A type of prediction problem is specified by the type of samples produced by a data source (Example: X x {0,1}, X x [0,1], X x {1,2,3,4,5}, etc…) and a loss function (0/1 loss, squared error loss, cost sensitive losses, etc…). For simplicity, we’ll assume that all losses have a minimum of zero.
For this post, we can think of a learning reduction as
- A mapping R from samples of one type T (like multiclass classification) to another type T’ (like binary classification).
- A mapping Q from predictors for type T’ to predictors for type T.
The simplest sort of learning reduction is a “loss reduction”. The idea in a loss reduction is to prove a statement of the form:
Theorem For all base predictors b, for all distributions D over examples of type T:
E(x,y) ~ D LT(y,Q(b,x)) <= f(E(x’,y’)~R(D) LT’(y’,b(x’)))
Here
LT is the loss for the type
T problem and
LT’ is the loss for the type
T’ problem. Also,
R(D) is the distribution over samples induced by first drawing from
D and then mapping the sample via
R. The function
f() is the loss transform function—we try to find reductions
R,Q which minimize it’s value.
If R,Q are deterministic, then there always exists a choice of D,b such that the loss rate on the right hand side is 0. However, it’s common to encounter real-world learning problems D which are inherently noisy, implying that the induced problem D’ is often inherently noisy. Distinguishing between errors due to environmental noise and errors due to base predictor mistakes seems important (and experimentally, it has been). Regret transform reductions can get at this. They have theorems of the form:
Theorem For all base predictors b, for all distributions D over examples of type T:
E(x,y) ~ D LT(y,Q(b,x)) – minc E(x,y) ~ D LT(y,c(x)) <= f(E(x’,y’)~R(D) LT’(y’,b(x’)) – minb’ E(x’,y’)~R(D) LT’(y’,b'(x’)))

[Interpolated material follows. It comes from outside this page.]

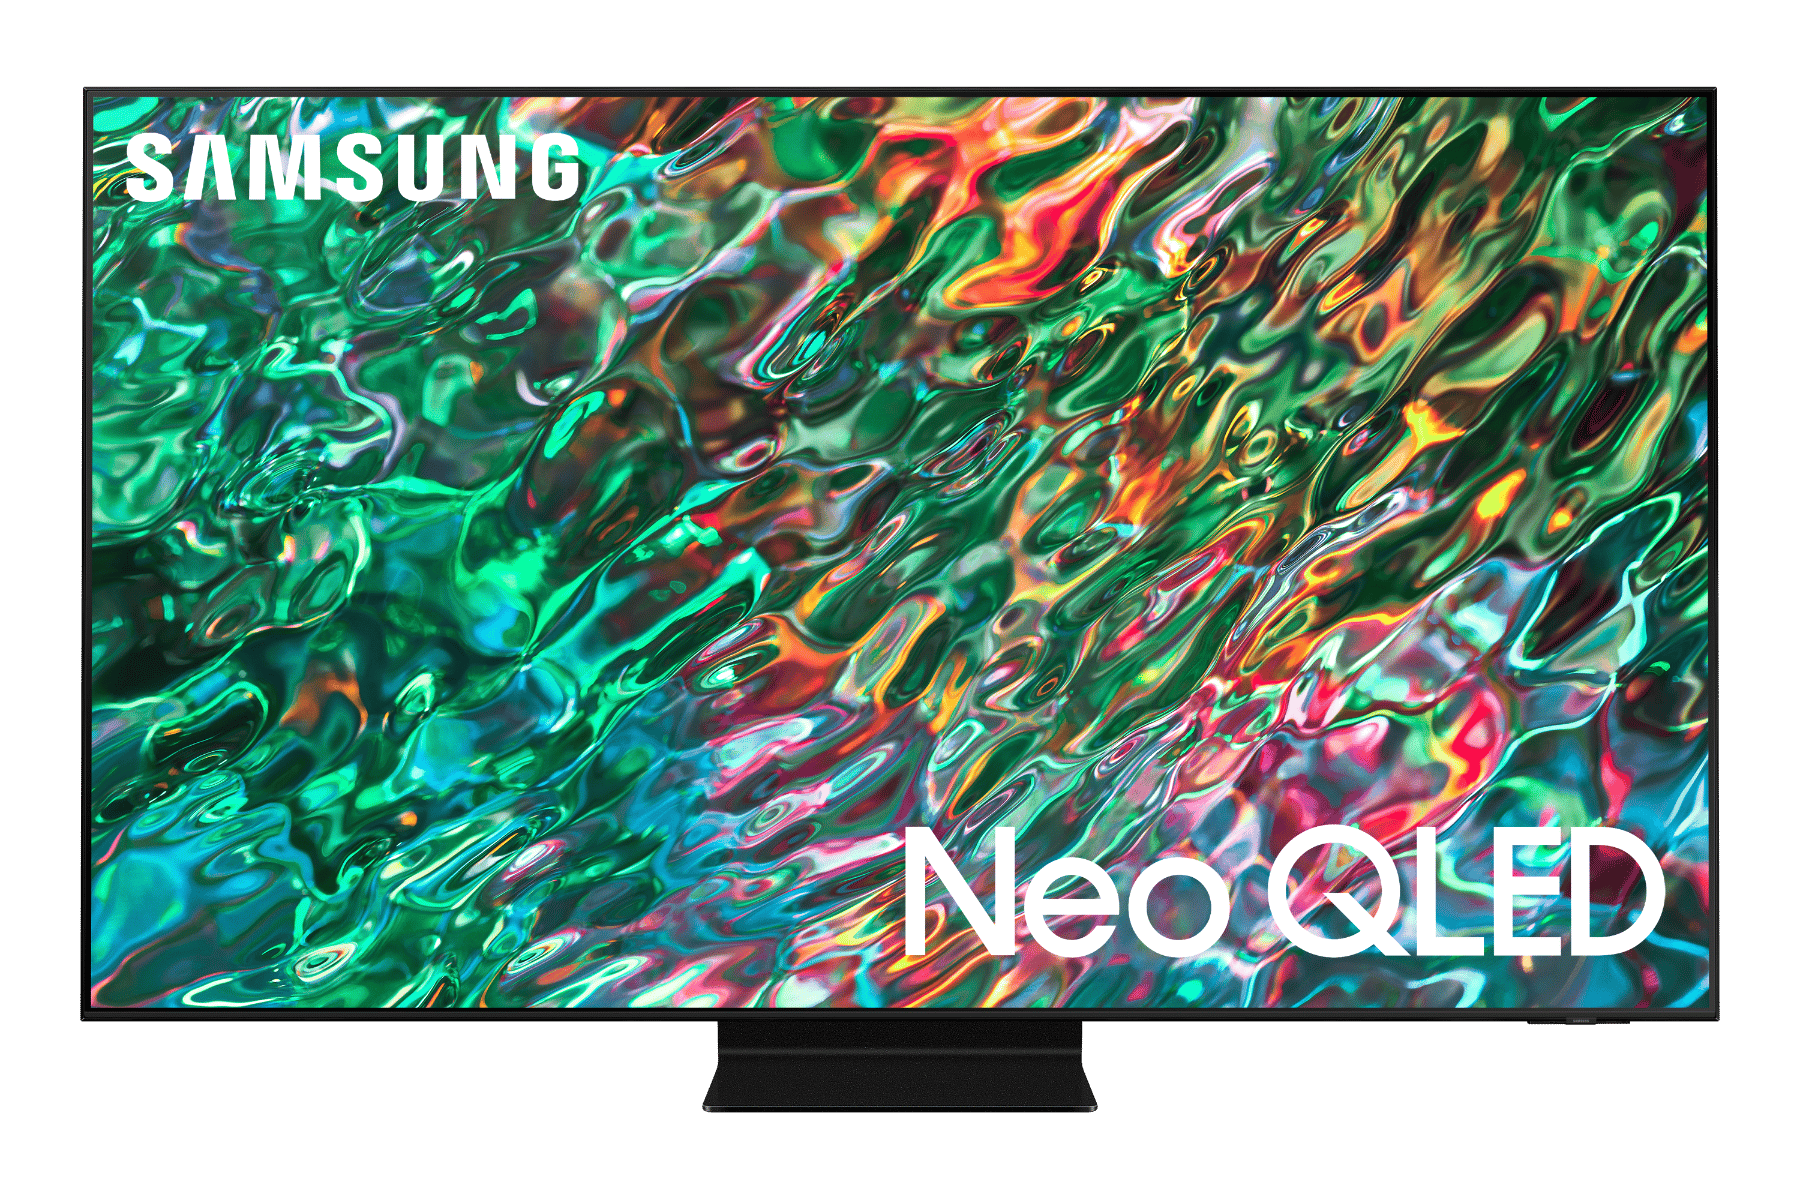 Samsung 65 Inch Neo 4K Smart QLED TV with Built-in Receiver - 65QN90CA

The essential idea in regret transform reductions is that we subtract off the inherent noise in both the induced and original problem, and bound the excess loss due to suboptimal prediction directly.

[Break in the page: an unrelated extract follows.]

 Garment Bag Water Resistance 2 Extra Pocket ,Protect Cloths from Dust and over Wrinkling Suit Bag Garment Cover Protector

The skeletons of the theory for these families of reductions have been layed out at this point. There remain some open problems, but another interesting direction to consider is other families of reductions. The hope is that by placing more stringent requirements on reductions, we limit ourselves to algorithms which tend to perform better in practice. This hope is pretty reasonable—empirically, we have observed a consistent step up in performance going from loss transform to regret transform reductions.
- Limited Regret Transform Reductions. The fact that the minimum is taken over all predictors in regret transforms is counterintuitive to some people, who are used to “Empirical Risk Minimization” statements where a minimum is taken over a limited set of predictors. We could imagine theorem statements of the form:
Theorem For all sets of base predictors B, For all base predictors b, for all distributions D over examples of type T:
E(x,y) ~ D LT(y,Q(b,x)) – minb’ in B E(x,y) ~ D LT(y,Q(b’,x)) <= f(E(x’,y’)~R(D) LT’(y’,b(x’)) – minb’ in B E(x’,y’)~R(D) LT’(y’,b'(x’)))
This is a more general statement than a regret transform reduction—when B is the set of all base predictors, we recover standard regret transforms
One case where it’s easy to see that this kind of statement holds is for the reduction from importance weighted binary classification to binary classification. However, little more is currently known.
- Reversible Reductions. This is an idea which Russell Impagliazzo first mentioned to me. Essentially, we limit ourselves to reductions with the property that they are reversible. Reversibility can be tested by mapping from one problem to another, and then back. There are a several variant theorem statements we could imagine. The most tractable variant for analysis might be the following:
Theorem There exists R-1,Q-1 such that for all base predictors b, for base learning problems D’:
E(x’,y’)~D’ LT’(y’,b(x’)) = E(x’,y’) ~ R(R-1(D’)) LT’(y’,b(x’))
and Q-1(Q(b))=b
Closely related (but different) is the following:
Theorem There exists R-1,Q-1 such that for all type T predictors h, for all type T distributions D:
E(x,y) ~ D LT(y,h(x)) = E(x,y)~R-1(R(D)) LT(y,h(x))
and Q(Q-1(h)) = h
- Bayesian Reductions This is an idea which Simon Osindero mentioned. The basic observation is that Bayes Law is pretty important to the process of learning. We would like it to be the case that Bayes Law and reductions compose. A theorem statement of the following form might be about right.
Theorem For some large family of priors P over distributions D of type T:
Bayes(P,(x,y)~D~P) = Q(Bayes(R(P),(x’,y’)~D’~R(P)))
Here “Bayes” is a learning algorithm which takes as input a prior P (or R(P)), and a sample (x,y) drawn by first drawing a D from P and then drawing from D (and similarly for the induced problem). Also, R(P) is the prior induced by mapping D to R(D) after drawing from P.
The two missing components for these kinds of reductions are:
- Theoretical evidence that we can satisfy these definitions of reduction between interesting types of learning problems.
- Empirical evidence that algorithmic modifications driven by the theory are useful.
My experience is that analyzing reductions has yielded significant insight into how to solve learning problems, so I would encourage anyone with a bit of theoretical inclination in Machine Learning to consider the above (or other) families of reductions.